-------- Provided material
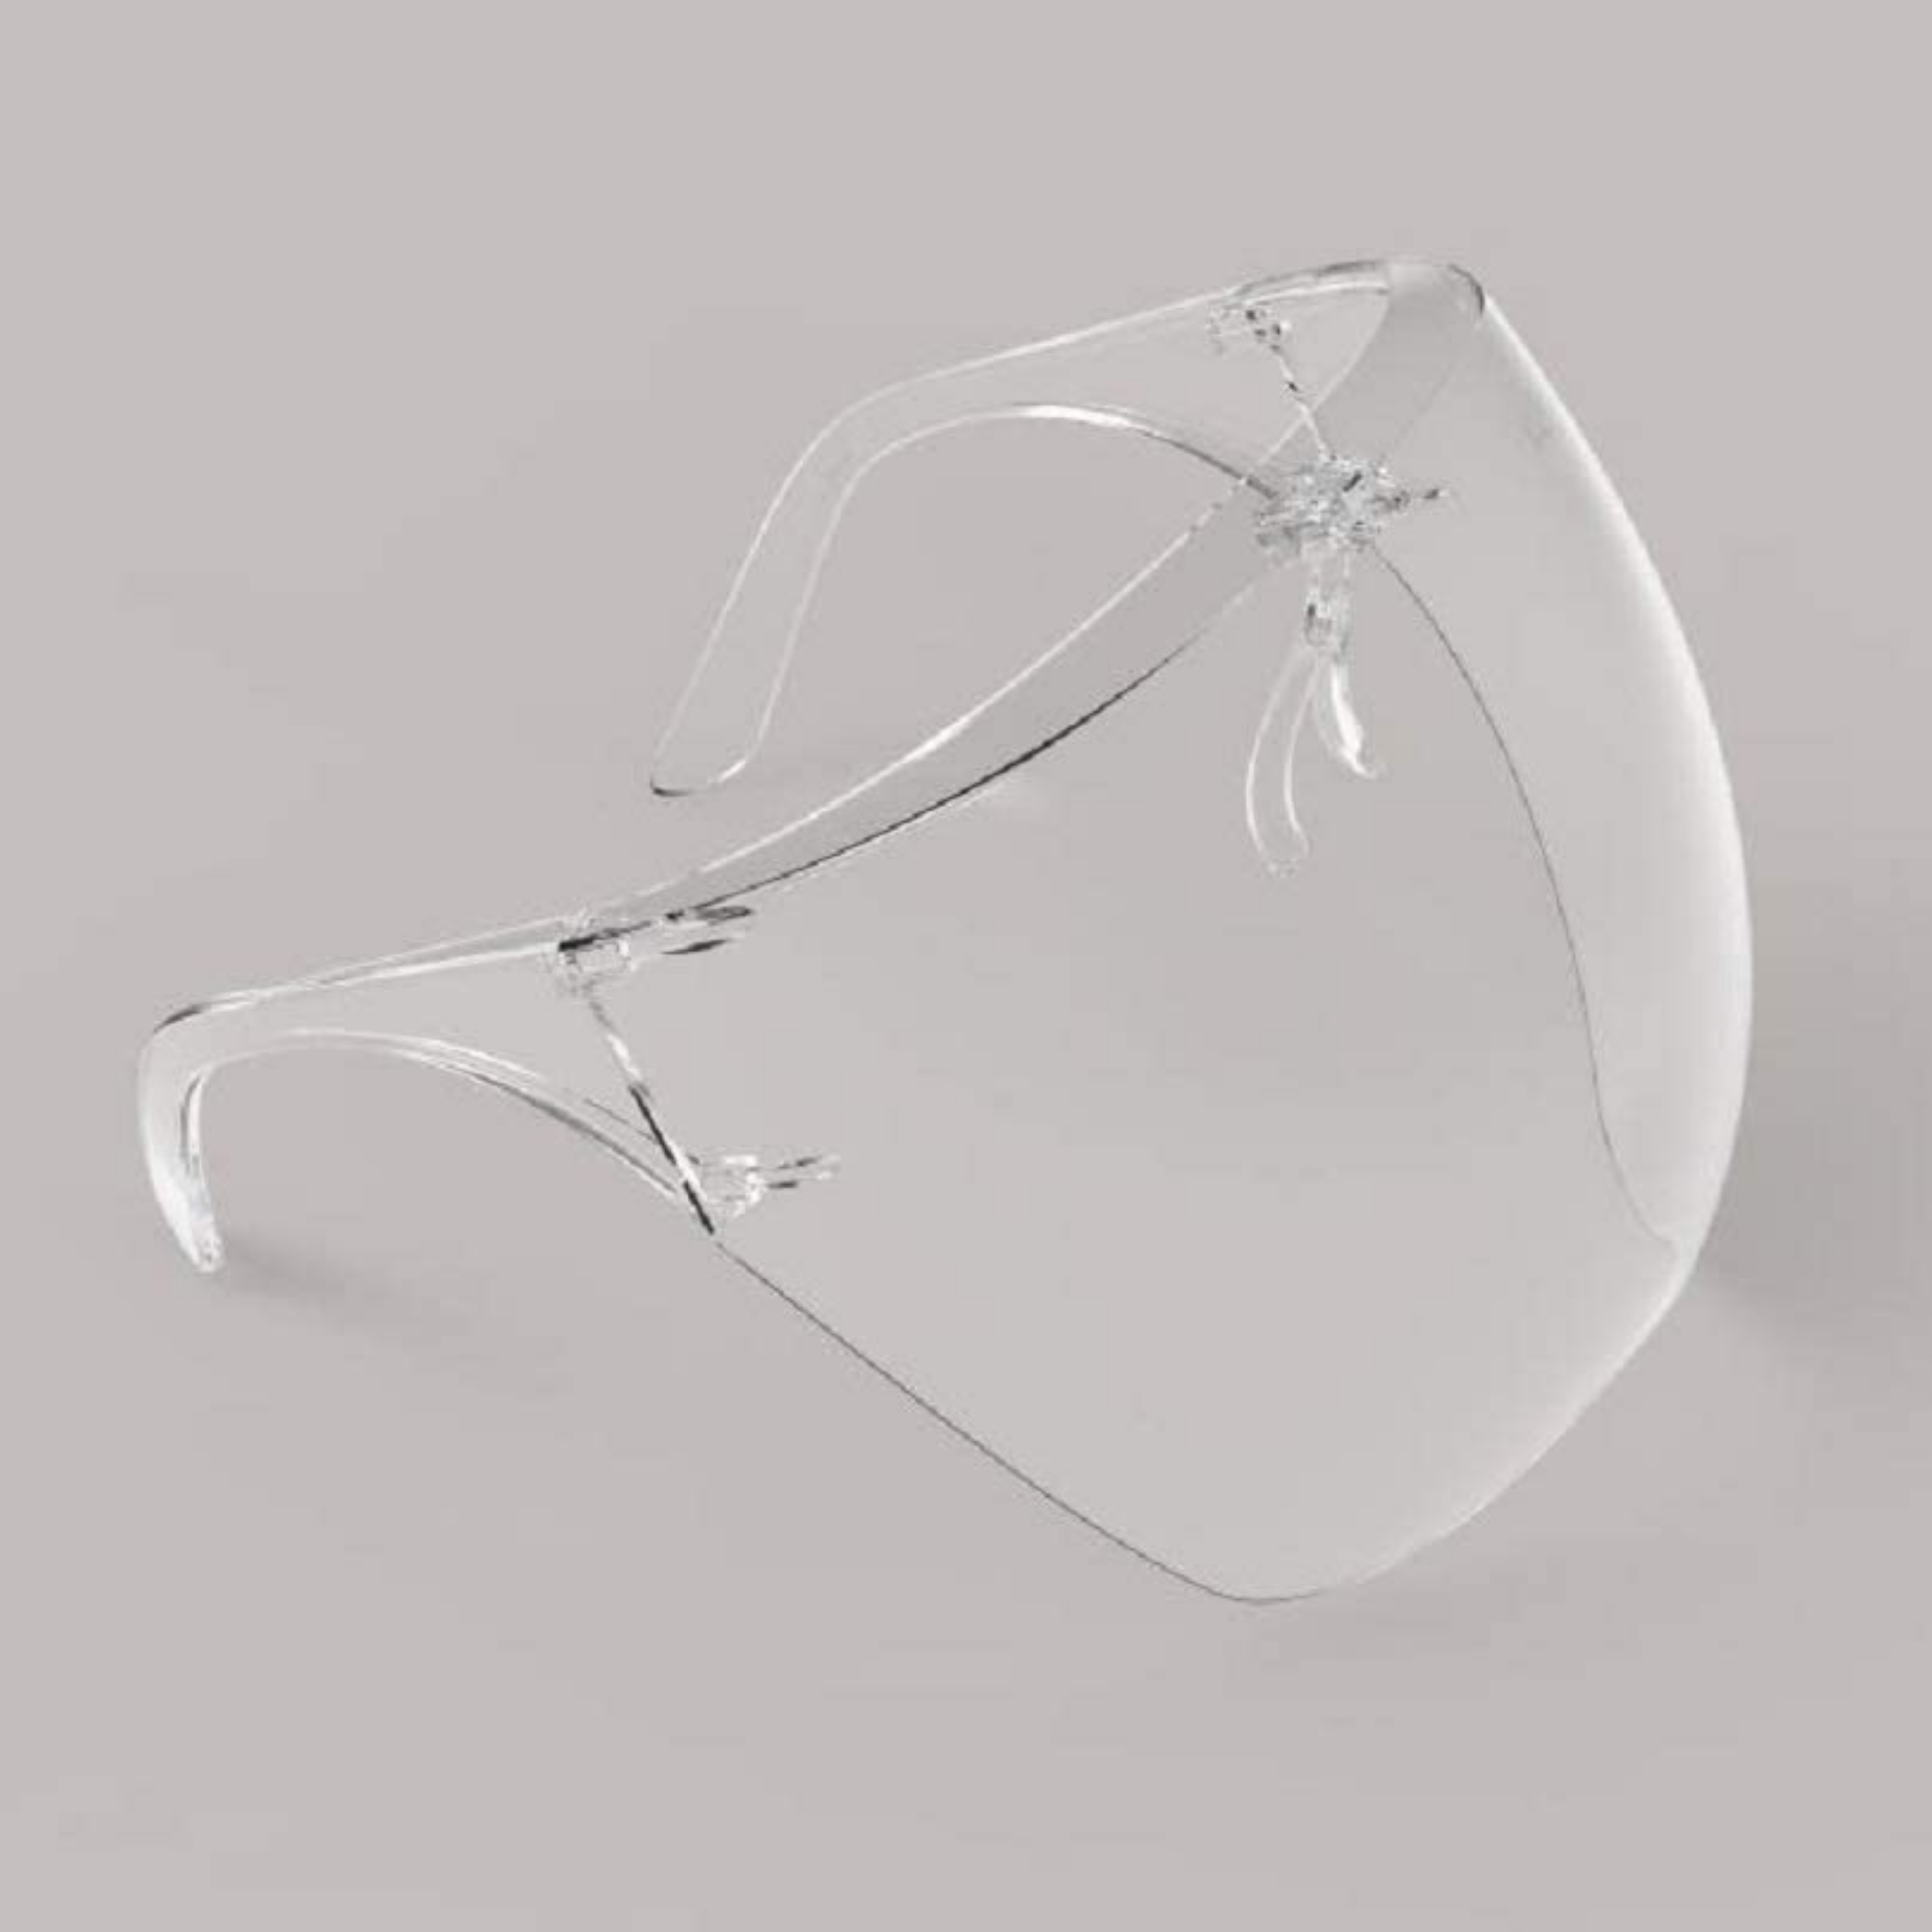 Face Shield Glass - Reusable Clear Face Shield
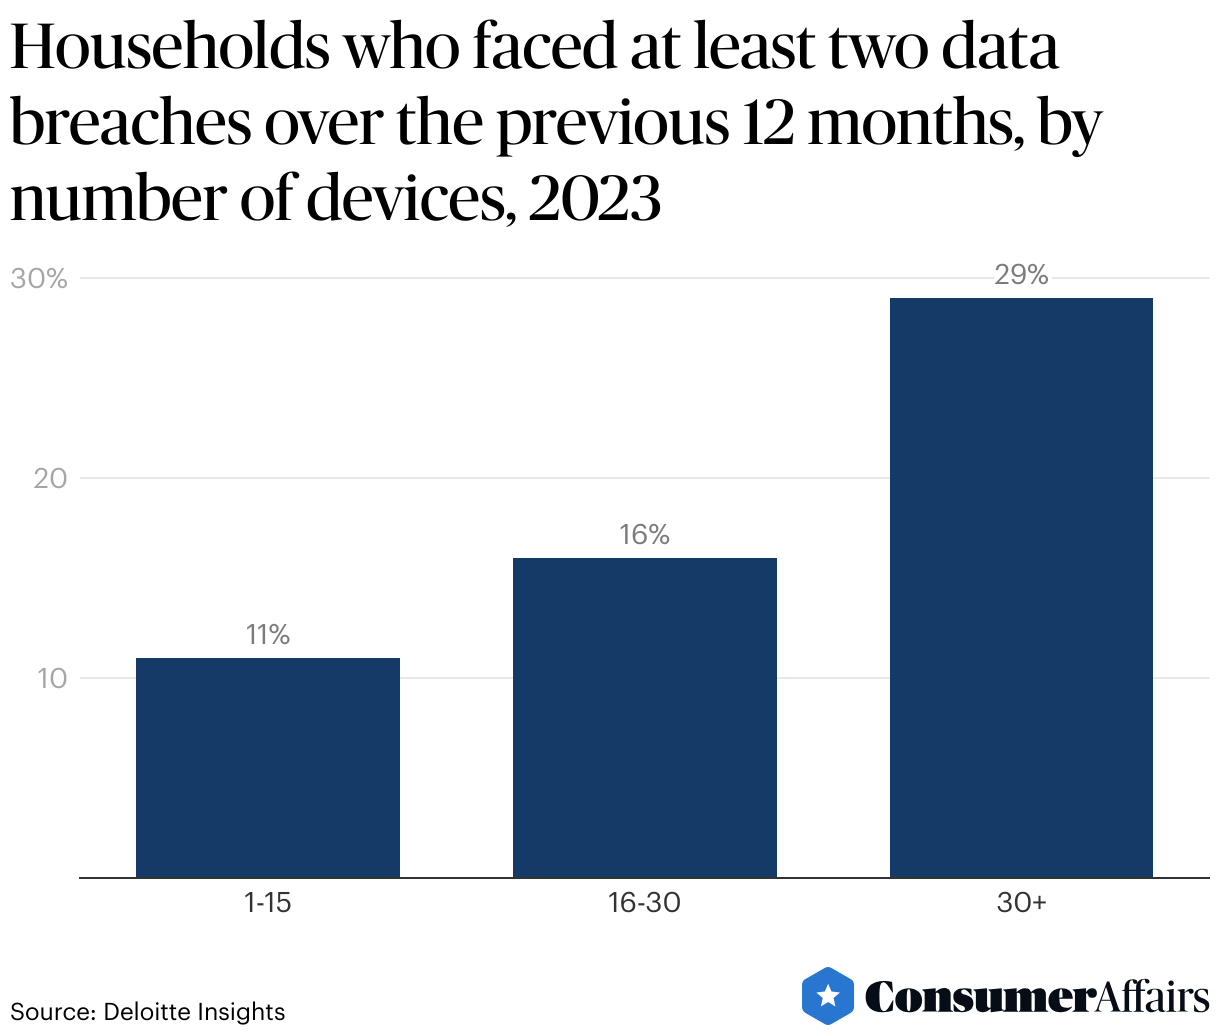 Households who faced at least two data breaches over the previous 12 months, by number of devices, 2023
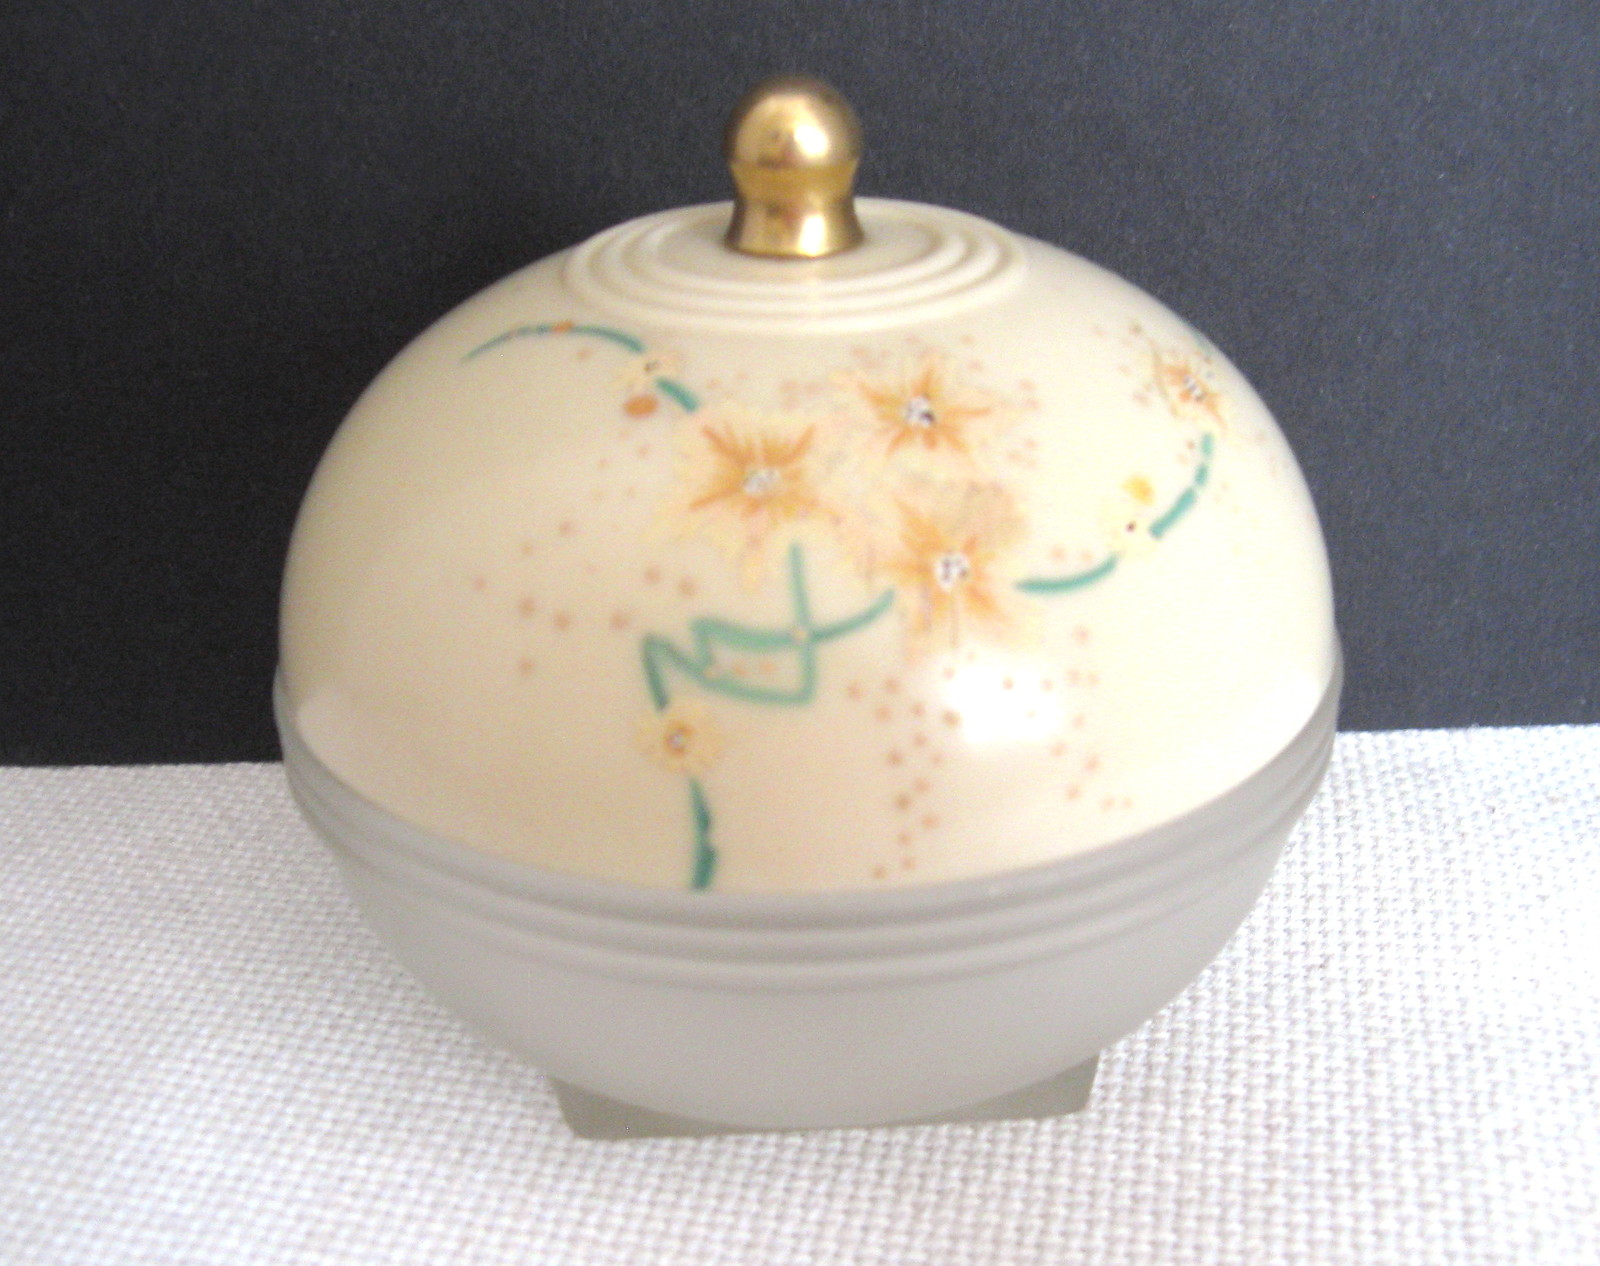 Vintage DeVilbiss Frosted Glass Powder Box, Vintage DeVilbiss Glass Dresser Box - $24.00
----------------
**Exercise details**.
As you output the material, omit the pictures but alter nothing else.

**Response to the exercise**.
 Face Shield Glass - Reusable Clear Face Shield
 Households who faced at least two data breaches over the previous 12 months, by number of devices, 2023
 Vintage DeVilbiss Frosted Glass Powder Box, Vintage DeVilbiss Glass Dresser Box - $24.00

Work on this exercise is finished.